__Work instruction__: Using the listing below, please print exactly the lines from the one with "AUCHAN Haricots verts" through the one with "How to Increase". Leave out every picture.

__Dataset excerpts__:
_____
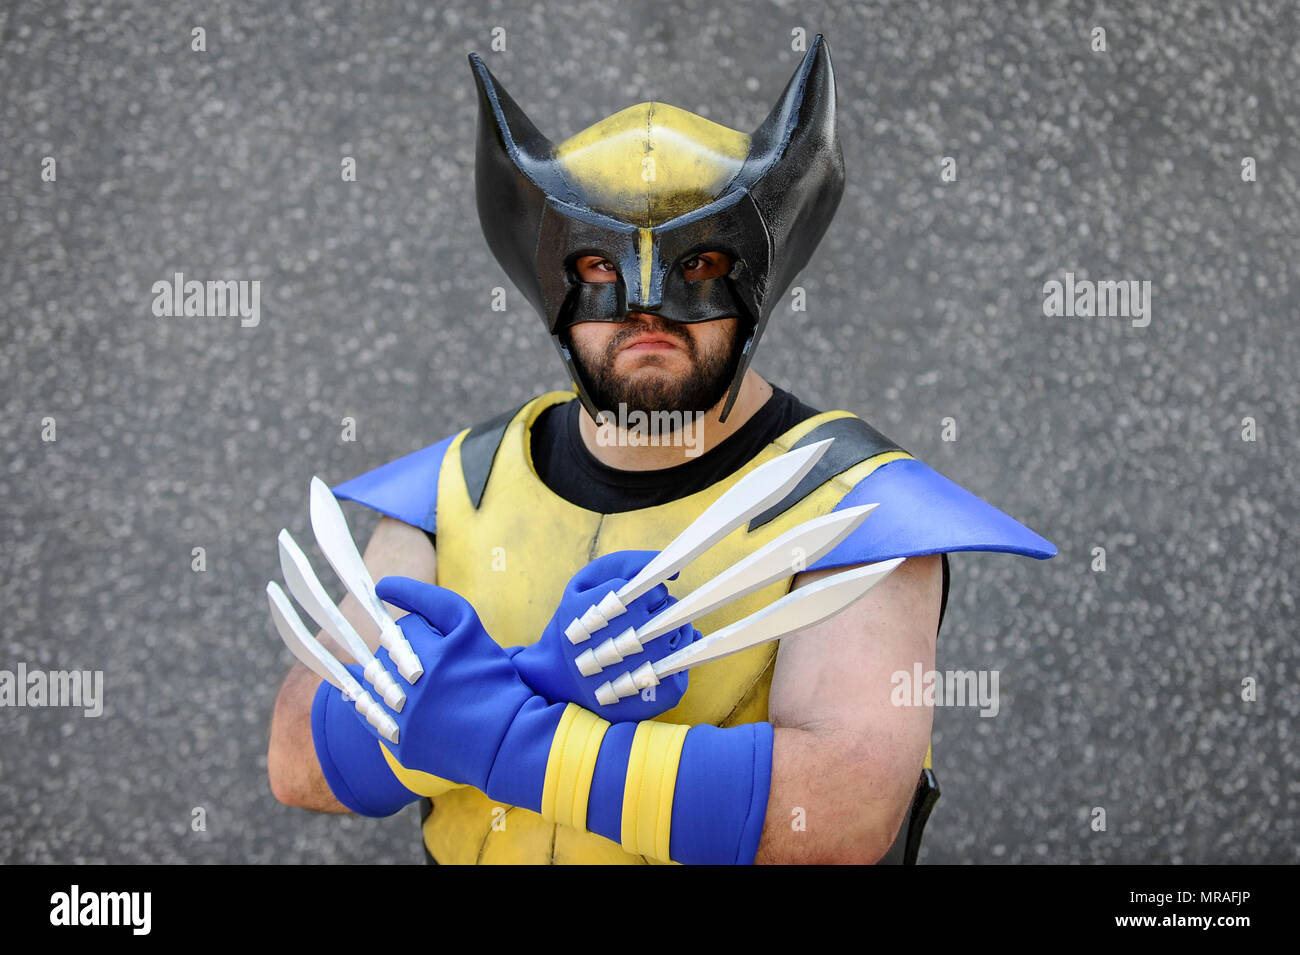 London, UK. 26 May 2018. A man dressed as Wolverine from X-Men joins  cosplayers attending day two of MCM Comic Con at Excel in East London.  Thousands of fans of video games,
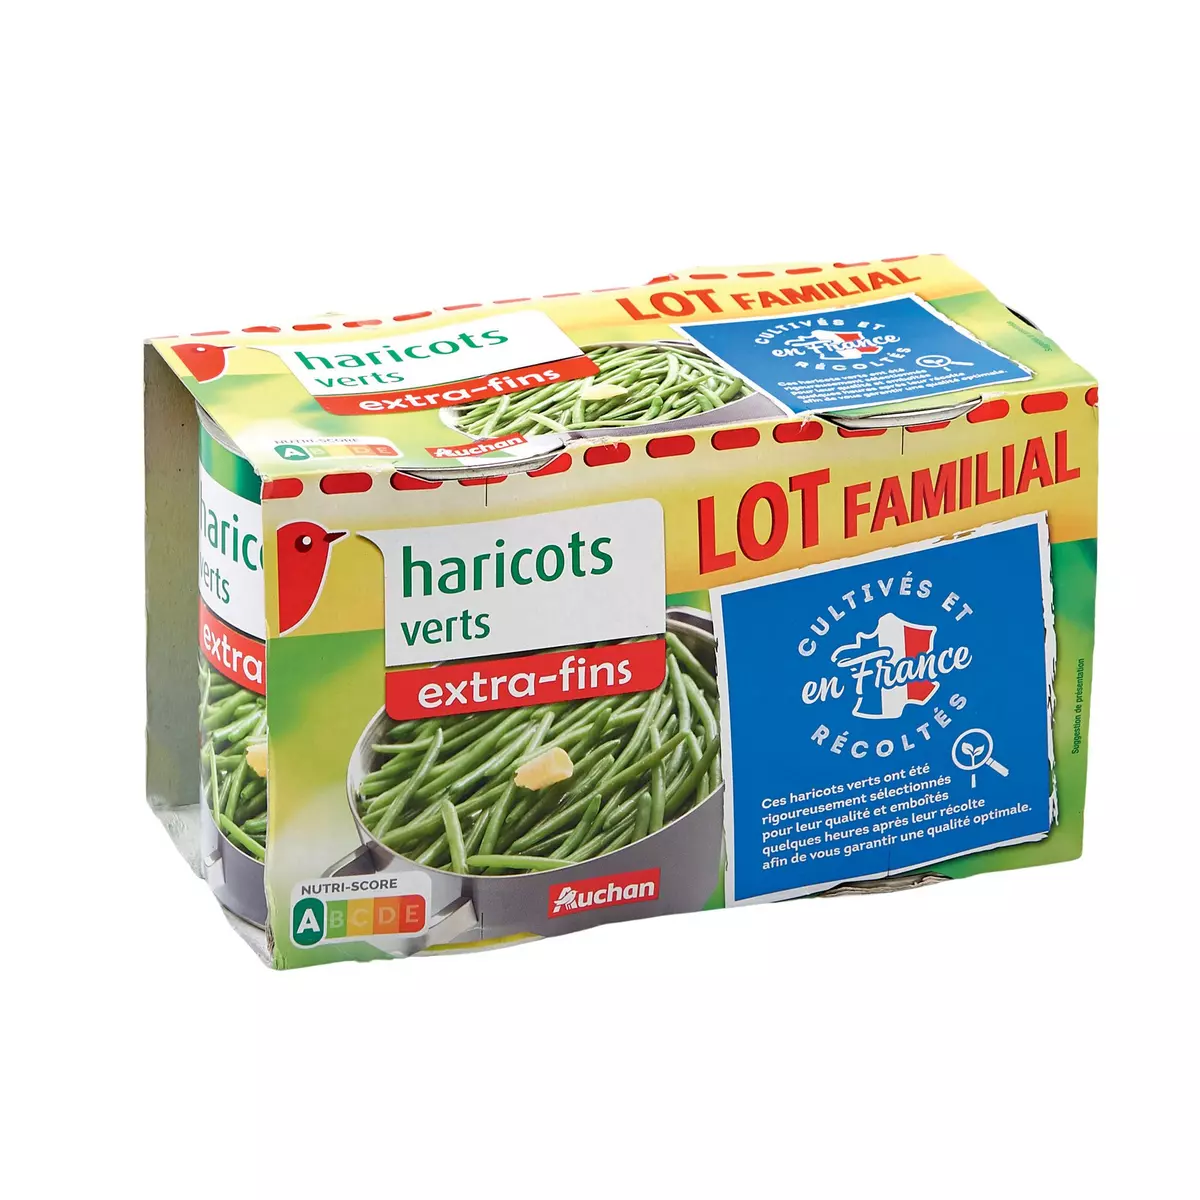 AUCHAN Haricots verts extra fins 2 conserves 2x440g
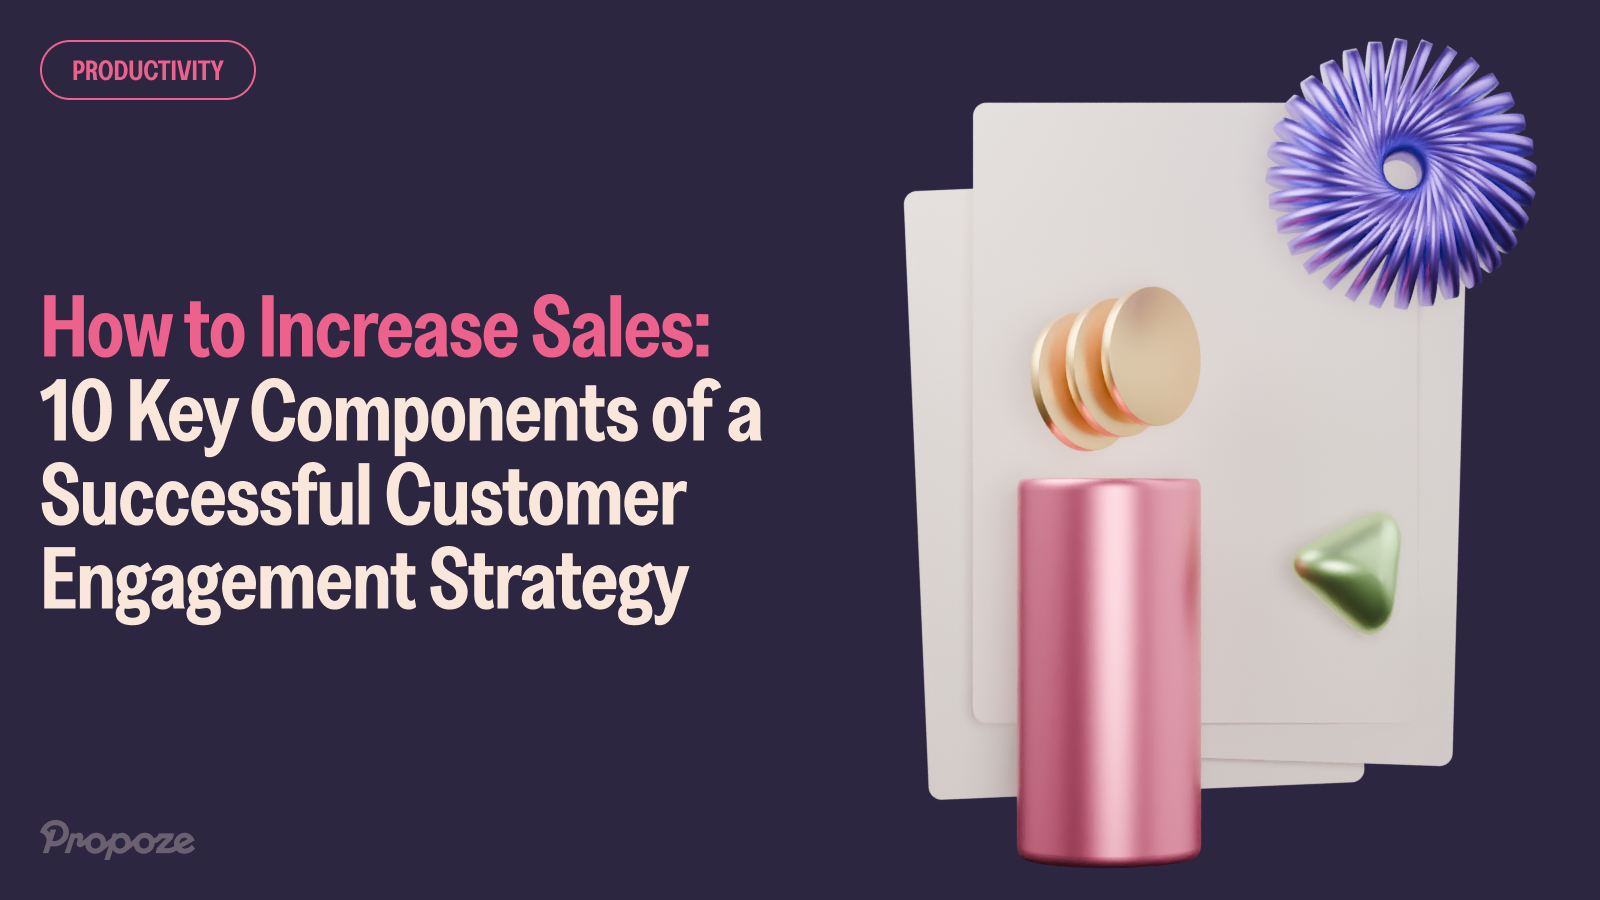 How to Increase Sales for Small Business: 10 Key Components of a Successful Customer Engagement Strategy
_____
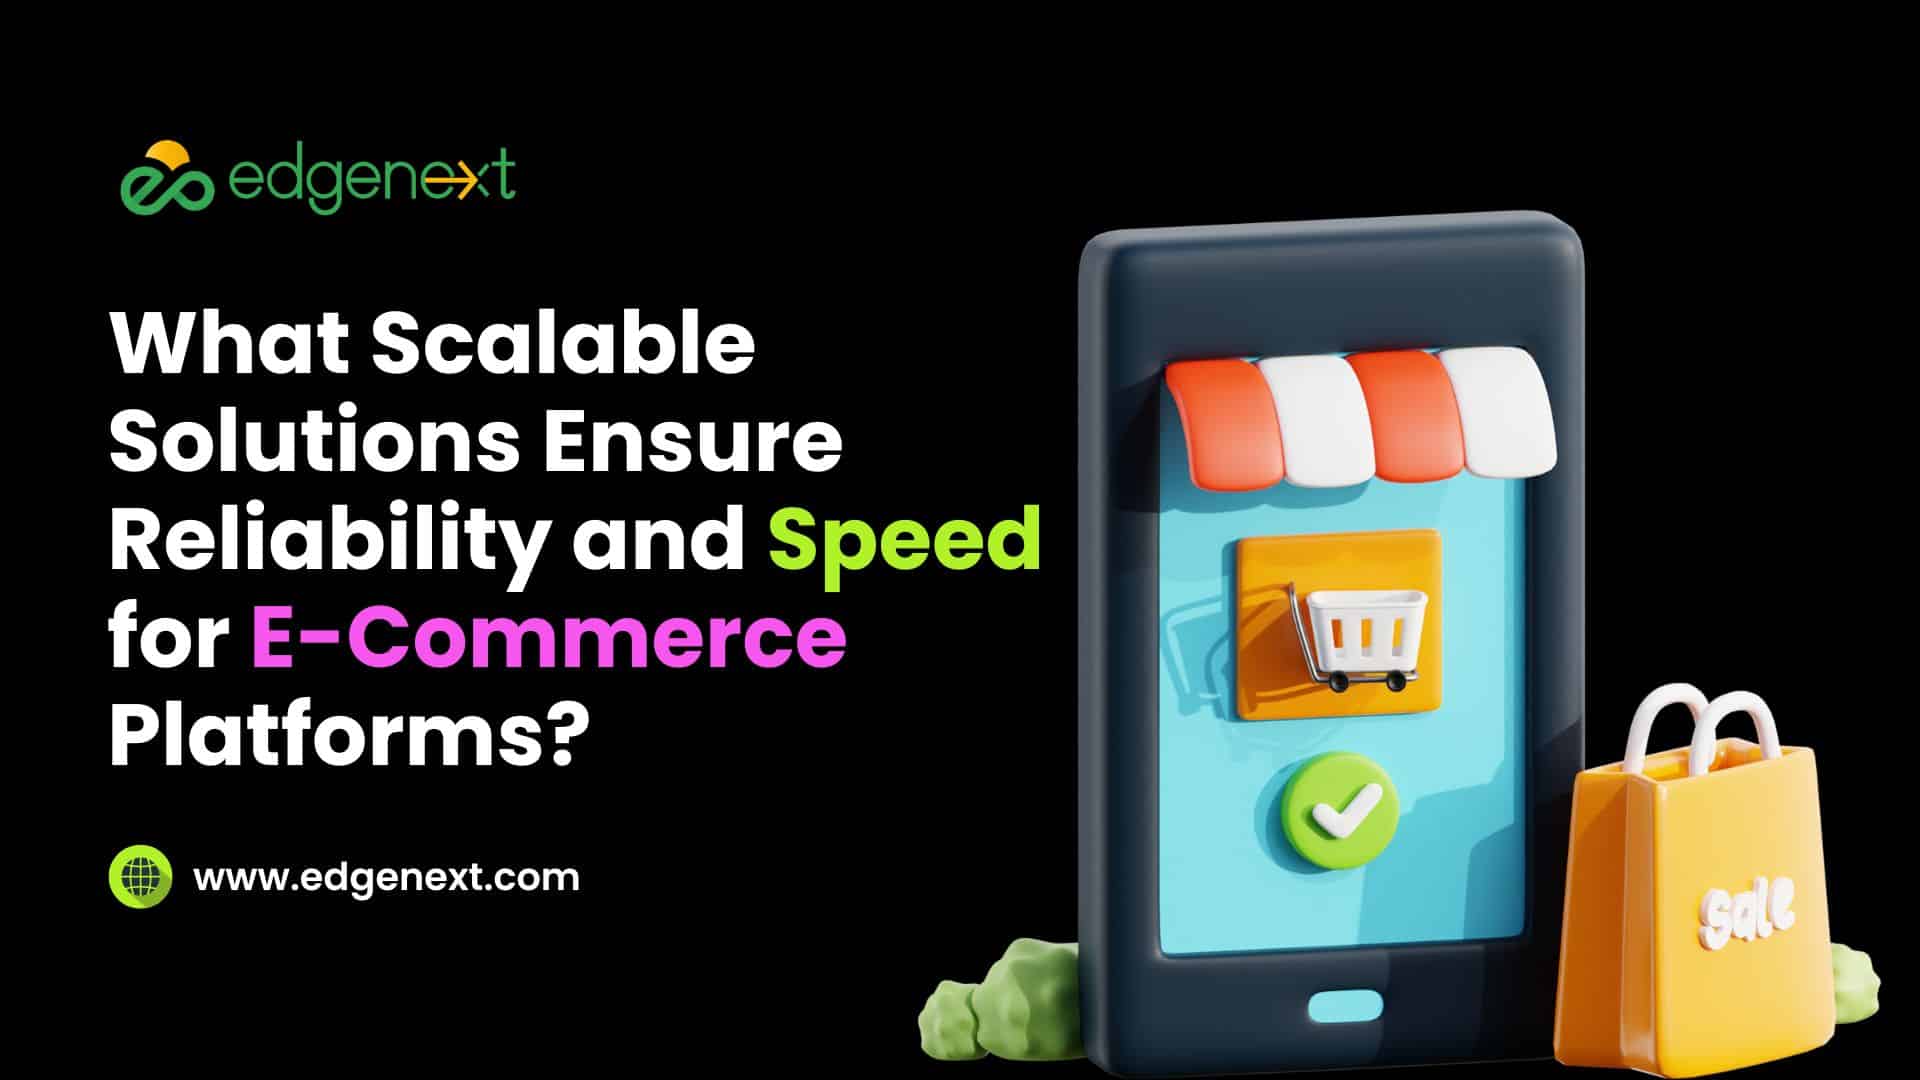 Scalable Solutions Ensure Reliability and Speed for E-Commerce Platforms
_____
__Written solution__:
 AUCHAN Haricots verts extra fins 2 conserves 2x440g
 How to Increase Sales for Small Business: 10 Key Components of a Successful Customer Engagement Strategy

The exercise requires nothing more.